The discography of Mizraab, a Pakistani progressive rock band, consists of two studio albums, as well as numerous live albums, singles and music videos. The band was formed by lead guitarist and vocalist Faraz Anwar, bassist Khalid Khan and percussionist Akhtar Qayyum in 1996. After the release of the band's first studio album, there had been many changes in the line-up the only consistent member being Faraz himself.

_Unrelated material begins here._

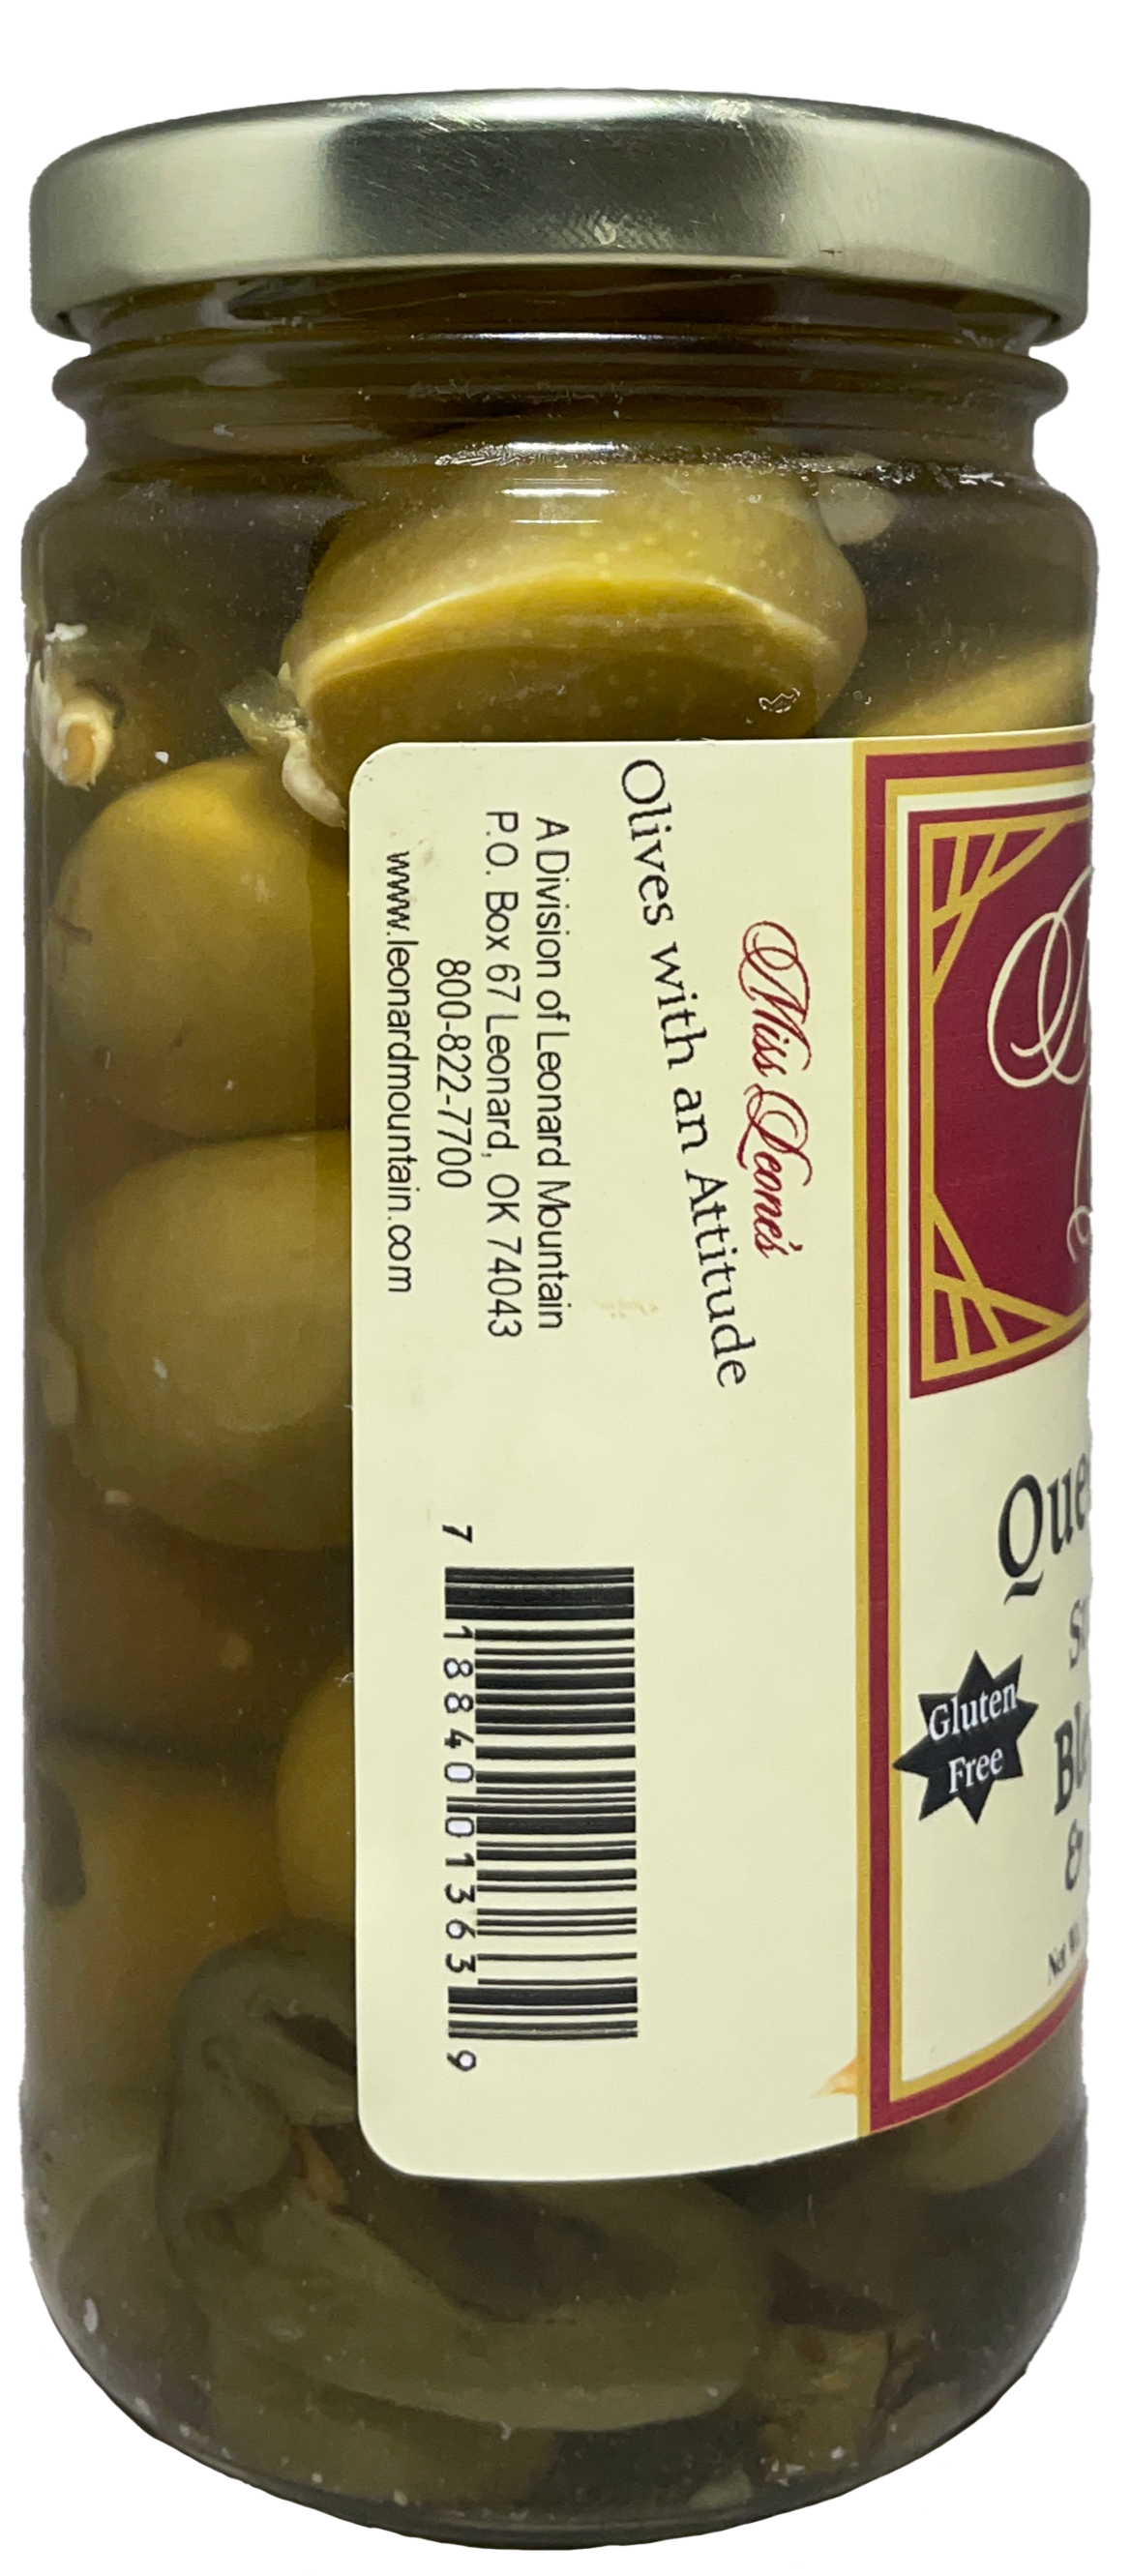 Bleu Cheese & Jalapeno Double Stuffed Queen Olives *NEW LOWER PRICE*

Although Mizraab has been prominent in their home country since the release of their debut album Panchi (1999), they did not achieve fame and commercial success until the release of their second studio album Maazi, Haal, Mustaqbil, which was released in 2004. The album sold over 30,000 copies upon it release and is the band's highest selling album. Singles from the album like "Kitni Sadian" and "Insaan" became an instant hit in Pakistan and did very well at the local music charts. The band produced an overall of five singles along with five music videos for each single from the album, the other singles from the album are "Panchi", "Meri Terhan" and "Izhar". The album is also credited to be the first proper Urdu metal album released in Pakistan.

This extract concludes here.